Please Write For Details is a wacky Chevy Chase type comedic interlude at an art school in Cuernavaca, Mexico, a town which came to be known years later fir its language schools. With a large ensemble cast, each with their own backstory, MacDonald fills the novel with offbeat characters as well as a half-baked scheme to run an art school on the cheap with the most untalented hotel staff in history.
Miles Drummond, the lead character, is a slight, nervous man at the end of his money when Gloria Garvey, a wealthy three-time divorcee and expatriate, decides on a scheme for Drummond’s salvation: placing ads for an art school at a long-dilipadated hotel. Gloria is a hive of activity, but setting Drummond up with this is an extracurricular activity for her and she is just laying the groundwork, not doing the work. Drummond himself is barely up to the task, and truth be told, barely up to any task. His hires for the staff are ripping him off, do not intend to do much work, one of them (Fidelio) drives the VW microbus like a madman, and it goes on from there until one of the staff members is caught in a hotel room ripping off the customer, who doesn’t quite notice him at first under her bed because she is too busy pulling cactus spikes out of her enormous buttocks.
The two artists in residence are Gambel Torrigan and Agnes Partridge Keeley, neither of whom can stand each other and are both shocked to find that they are the full staff.
The students number thirteen and include Paul Klass, a shopowner who famously maintains a journal listing his conquests and rating them. He hopes to add to his list, but finds that he is no longer the hunter, but the hunted. There is John Kemp, a successful architect, whose business relationship with his partner is falling apart because out of the blue his partner’s wife has declared her undying love for him. It makes for an awkward business partnership. Monica Killdeering from a small Kansas town has the most perfect body measurements in human history, but fate left her with a face that even a donkey wouldn’t be proud of. Her emotional relationships throughout life have not been too successful. She is though large and strong and teaches physical education. The Wahls are a honeymooning couple who can’t keep their hands off each other long enough to eat a bite.
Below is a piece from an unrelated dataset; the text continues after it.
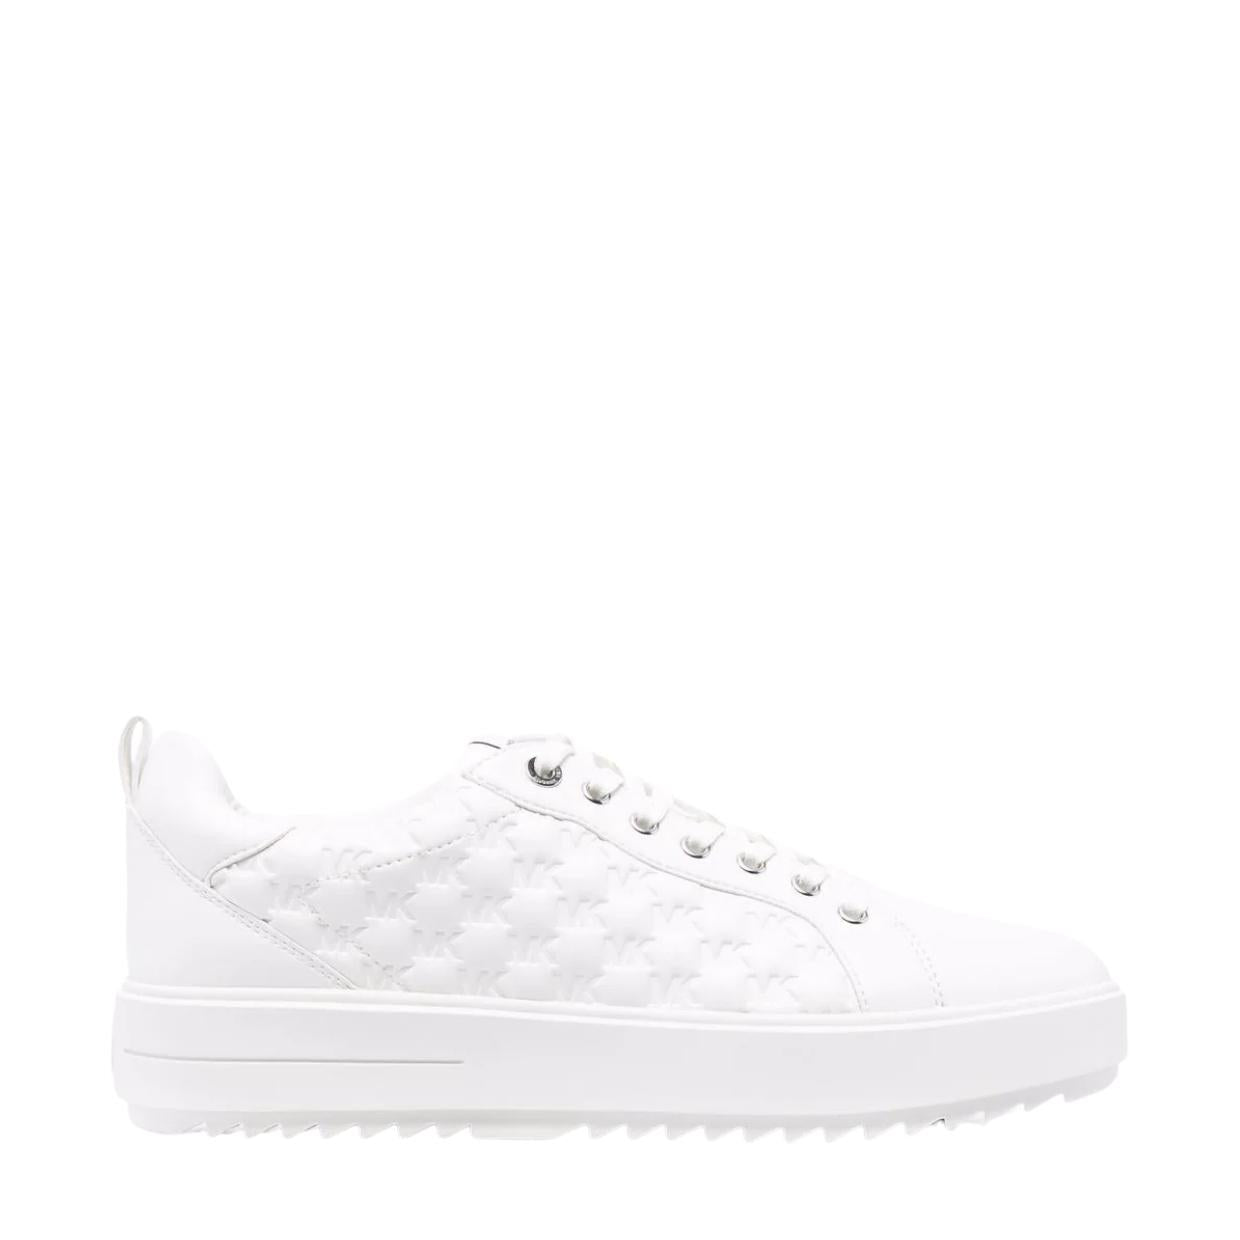 Discover collection sneakers Grove by Michael Kors now available online

Parker Barnum was a successful man till he had a brief affair that his wife chose not to forgive. Now he is lost and has taken a six-month leave of absence from work trying to find himself and finding instead may different versions of himself. There are the two middle-aged spinsters, who have identical personalities. Mary Jane and Bitsy are twenty-year-old Texans driving through Mexico with a pint of tequila being passed between them. They are dressed in short shorts and halter tops and are out to party. Rounding it out is Barbara Kilmer, whose father sent her on this trip to help her get over her husband’s death. He was crushed by a tractor (like another spouse in an earlier MacDonald novel). Rounding out the group is the Colonel, who is dedicated to painting pictures of battlefields without the soldiers in it and Harvey Ardos.
The story is about how this awkward little group gets along (or doesn’t get along) and how Miles tries to make a go of the little art school. While a few mature by the end, others in the story are drowned in their own nuttiness. There is little moralizing here, but lots of vignettes are added for comedic effect. One could easily see this being made into a slapstick comedy of errors.